Union leaders threatened hellfire and damnation for any politician that voted for Taft-Hartley. They increased their political fundraising and campaigning, and they made legislative repeal their number one priority. This was not a particularly effective strategy (so says this writer who has the benefit of seventy years of hindsight).
First, the obvious: Congress never repealed Taft-Hartley or meaningfully reformed labor law. This was despite tremendous efforts by unions to elect Democrats over the decades. There were substantial Democratic majorities in 1949, 1965, and 1977 and repealing Taft-Hartley was simply not prioritized by Presidents Truman, Johnson, and Carter.
The phrase “right to work” is a cynical manipulation by right-wingers, but it does have some support. Compelling workers to join a union or face termination is not the most popular thing in the world. As we have seen, union-shop clauses are compensation for the workplace governance functions that unions are legally compelled to provide. They could be seen as a tax. But unions are not just a neutral workplace government, a labor-management committee, or a works council. They are political organizations, with social views, and they work toward civil rights, openly allied with a political party.

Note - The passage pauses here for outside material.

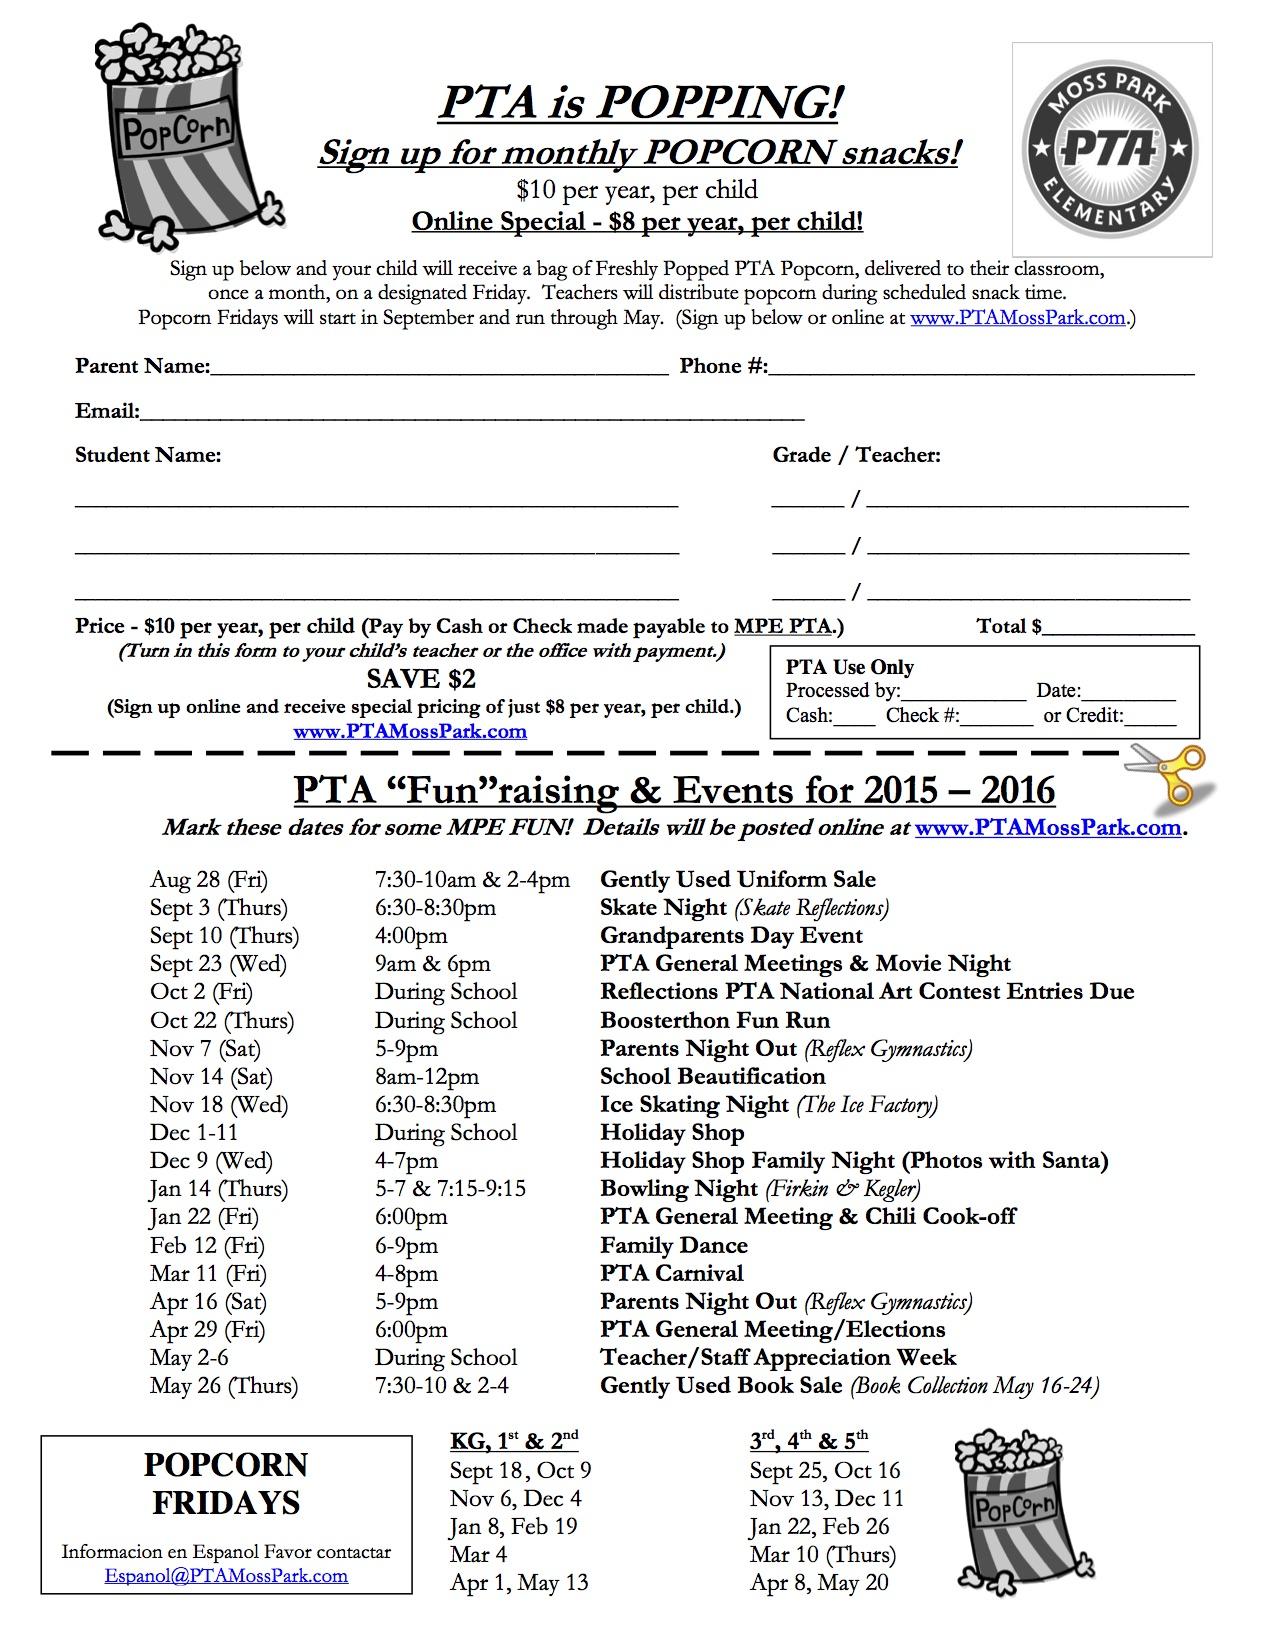 2015-2016 Popcorn Sign Up

This system is a bit of a muddle, but exclusive representation, the duty of fair representation, and the union shop are all essential components of what made it work. “Right to work” attacks put unions and their allies in the untenable position of having to defend the system solely based on its least popular component. This is not unlike forcing defenders of the Affordable Care Act to justify it solely because of the individual mandate. Both systems fall apart without forcing individuals to pay their fair share, but the individual mandate is the most divisive component of the system.
By focusing solely on legislative lobbying, unions engaged the issue as a special interest. For the remainder of the twentieth century, labor, where labor was strong, was able to prevent passage of state “right to work” bills. Where it was weak—the South and Southwest—states fell like dominoes.
Without the ability to negotiate union shops, unions have largely avoided new organizing in “right to work” states. As we’ll see in the next chapter, this left labor regionally isolated and encouraged capital flight and union avoidance.
THREE
The Routine of Collective Bargaining
Management has no divine rights. —WALTER REUTHER, 1948
A HUGE PART OF THE SYSTEM in which we are trapped is the routine of collective bargaining.23 In contracts that last anywhere from three to seven years, unions trade preservation of wages, pensions, and health insurance for significant concessions on workplace protest and the boss’s ability to run his business as he damn well pleases. The result is cutbacks in pay and benefits for which unions bear most of the blame, a decline in our power, and the perception by workers, inside and outside the labor movement, that unions can’t be the change agents that workers want them to be.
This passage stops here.